Hey, Hockeyguy...do you happen to have any before and after photos... I have a fireplace I want to paint and not sure whether to use oil based watered down or try the brick-a-new. 

Krista


----------



## hockeyguy (Apr 9, 2008)

*Fireplace Painting*

Krista,

I actually didn't take any photos when we did ours, but if you go to their fireplace photos section my neighbor's fireplace is the one on the very top right. I would say that a lot of the pictures in that section are typical of mine and my neighbor's results. Hope that helps.


----------



## wantubeprg (May 2, 2008)

Thanks Hockeyguy.  Krista


----------



## MystiLatte (Apr 20, 2008)

I have a fireplace that was sadly painted - I am looking to refinish it as stripping down to the natural brick doesn't seem to be a feasible option. I read that I could clean it with TSP and a grout brush and then paint it. I also check out Brick A New and wonder if that would be the way to go. Any opinions?


----------



## eyes2020 (May 6, 2008)

*Bricks Anew*

I painted our old fireplace (with "Bricks Anew" kit sold on line) that had seriously ugly black mortor and old ugly bricks. It took me several months to get up the nerve to actually paint the fireplace as I had the same concerns many people do...once you start there's no turning back.
I finally did it and can't say enough about how happy I am with the result. I have recieved many compliments on it and it has completely transformed the room. The kit is very very easy to use and it goes pretty fast once you get started. The thing is that you control how much you want to put on...I started with the mortar and base coat over the brick. I left a very slight amount of the brick color showing so it didn't appear too solid. Step back every once in a while and see how you like it. After that you apply the other colors, again apply a smaller amount, step back and apply more if you like or change to the next color. There is a very slight difference in the colors they give you (atleast for the kit I chose) so you can't make a terrible mistake. I say...just do it! You WILL be glad you did.


----------



## MystiLatte (Apr 20, 2008)

*Refinishing a fireplace*

I have looked at the Brick A New site and wondered how well it did. Thanks for the encouragement - as you said once you start there is no going back. I think that is why I am so hestiant. DIY is so new to me....


----------



## wantubeprg (May 2, 2008)

*Eyes2020*

Thank you so much for the encouragement... do you happen to have before and after photos?

Krista


----------



## eyes2020 (May 6, 2008)

*Bricks Anew*

I will try to get some before and after photos posted here this weekend....now if I could just remember what I did with them......hmmmm...


----------



## MystiLatte (Apr 20, 2008)

*It would be great to see*

before and after pictures. Still researching the product and designing the mantel.

MystiLatte:thumbup:


----------



## eyes2020 (May 6, 2008)

*Fireplace photos*

ok...so (I think) I put three pictures in my album: One of the old look (which you really can't appreciate the black mortar and the true ugliness of the fireplace, but it was the only photo I could get locate) and then two of the new look. The room looks sooo much brighter than it did before. Here goes....hoped this worked!


----------



## wantubeprg (May 2, 2008)

Eyes2020...what a beautiful job you did... JOB WELL DONE!!! It is a wonderful transformation... I so want to do it now... Thank you for providing me before and after photos, much appreciated. 
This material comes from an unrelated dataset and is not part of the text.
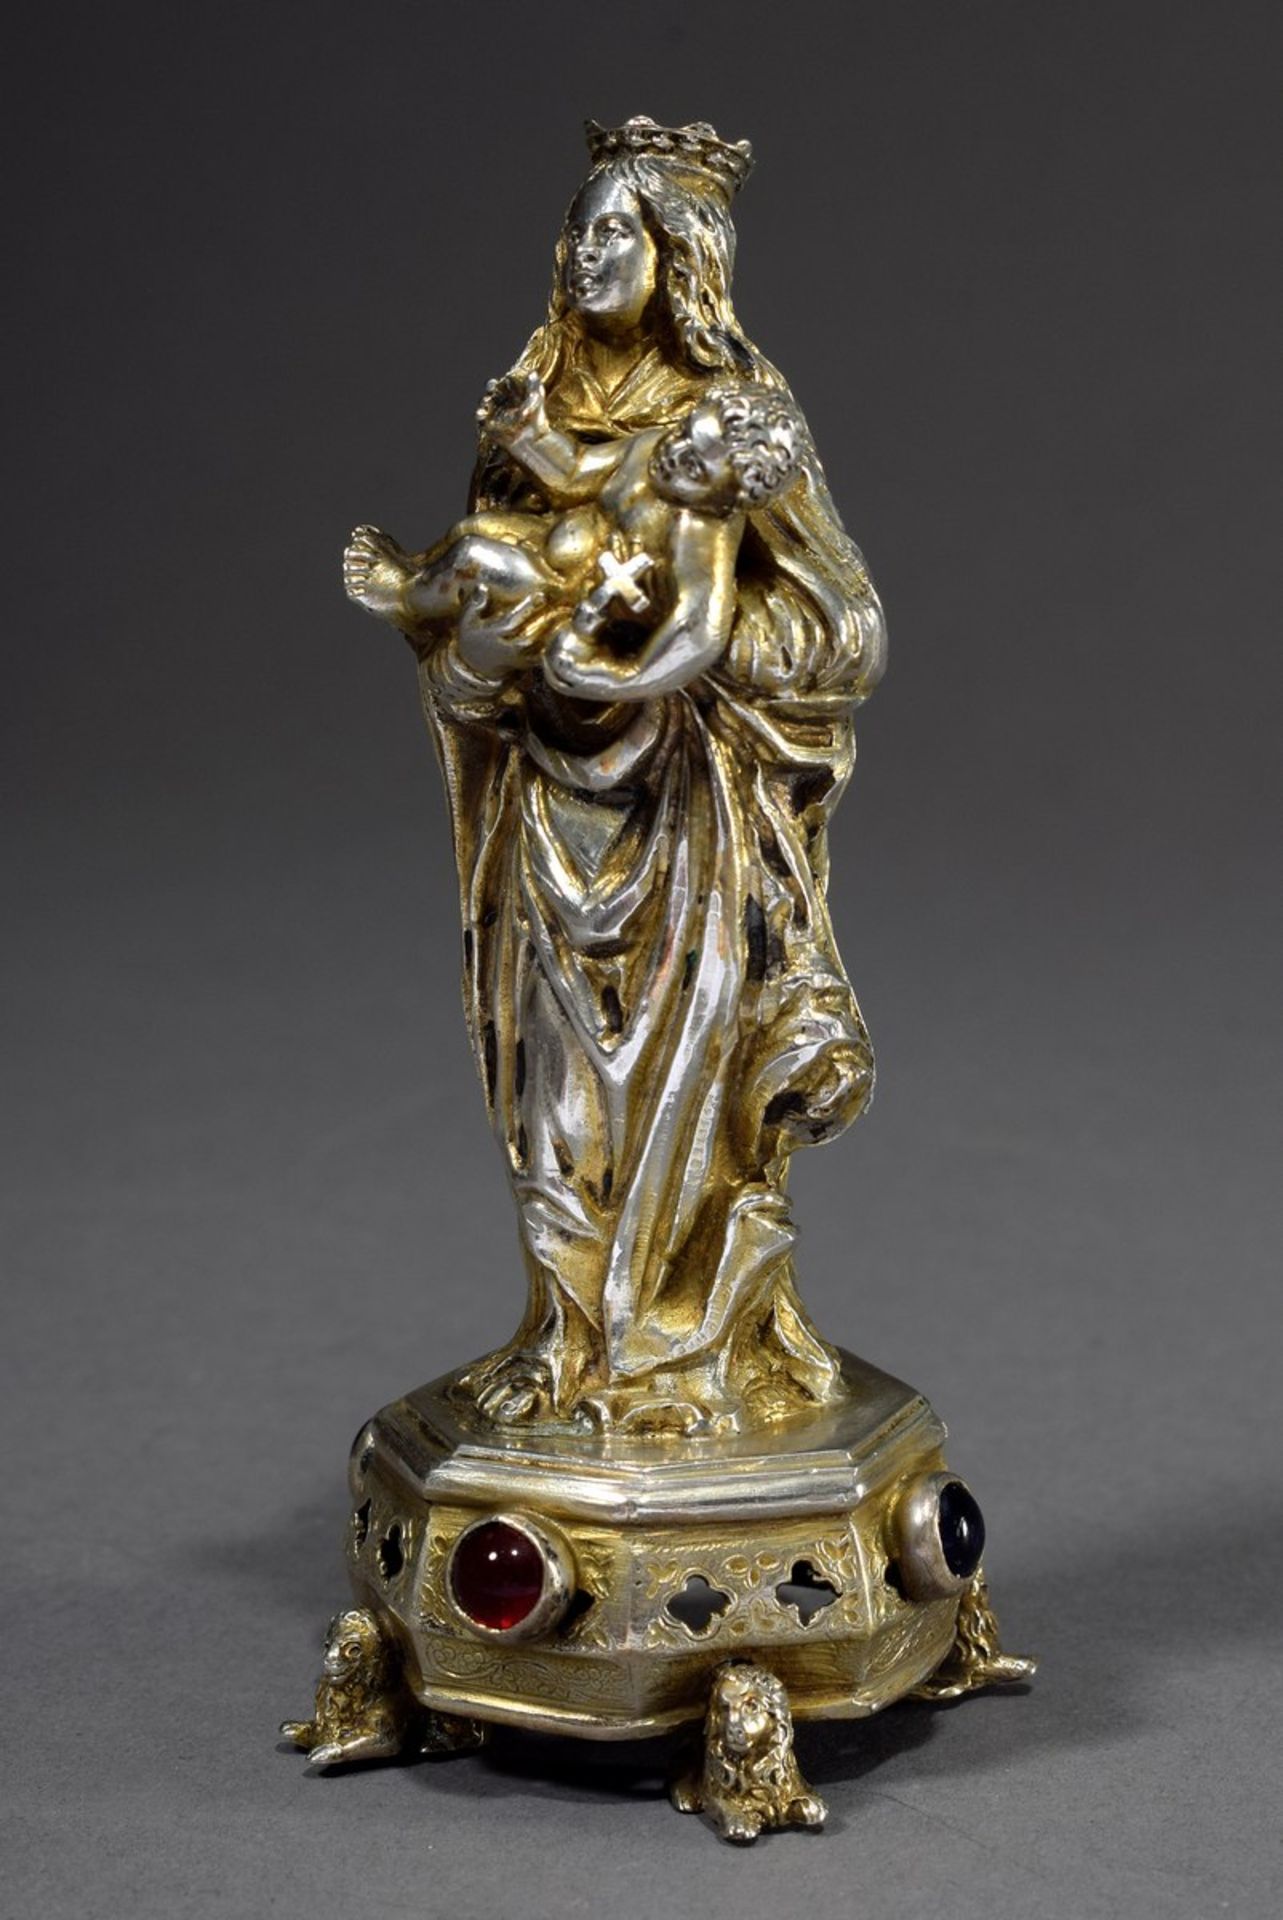 Statuette "Stehende Madonna mit Kind" auf durchbrochenem von 4 Löwen getragenem Postament, mit - Bild 4 aus 6

It looks like your fireplace is a real one (wood burning), is it? Just wondering if it is and if you have ever had a problem burning the wood and the paint being affected... I have heard you have to be careful what kind of paint to use (oil watered down, etc) otherwise it will bubble?

Krista

p.s. Thanks again for all your info.


----------



## eyes2020 (May 6, 2008)

Thanks for the compliment. Trust me IT IS EASY! My only advice is to go slow with the base coat and be sure how much you want to cover (some people want a more solid look, I wanted to leave a faint amount of the brick (not mortar!) showing and then use the additional colors they give you to blend even more. We have used our fireplace many times since without any problems. Still looks good as new.
One thing I did NOT do was apply the final matte finish that they give you. I only omitted this step because I thought as I lived with the fireplace I might want to make some changes to the color, and I thought the matte coat might complicate that. You could check with them (they are very nice on the phone) what, if any difference this might make, but they said there is no problem using your fireplace after painting with their paint when I asked.
My finally advice is that what finally made me go for it was the fact that I really hated my fireplace and how drab the room looked (we had just bought the house about a year before). Idecided that I had nothing to lose...it couldn't look any worse than what I had. Maybe that helps you? Good Luck!


----------



## wantubeprg (May 2, 2008)

*Thank you Thank you Thank you*

Eyes2020, thank you loads... we are in the process of moving right now, just like you, new house and the fireplace is just awful... well awful in the sense that it's dated, it's red brick and it would look awesome like yours... I am going to do it... Just now have to wait until we are officially in the house and get organized and then tackle the task..Thanks for all your advice...truly appreciate it.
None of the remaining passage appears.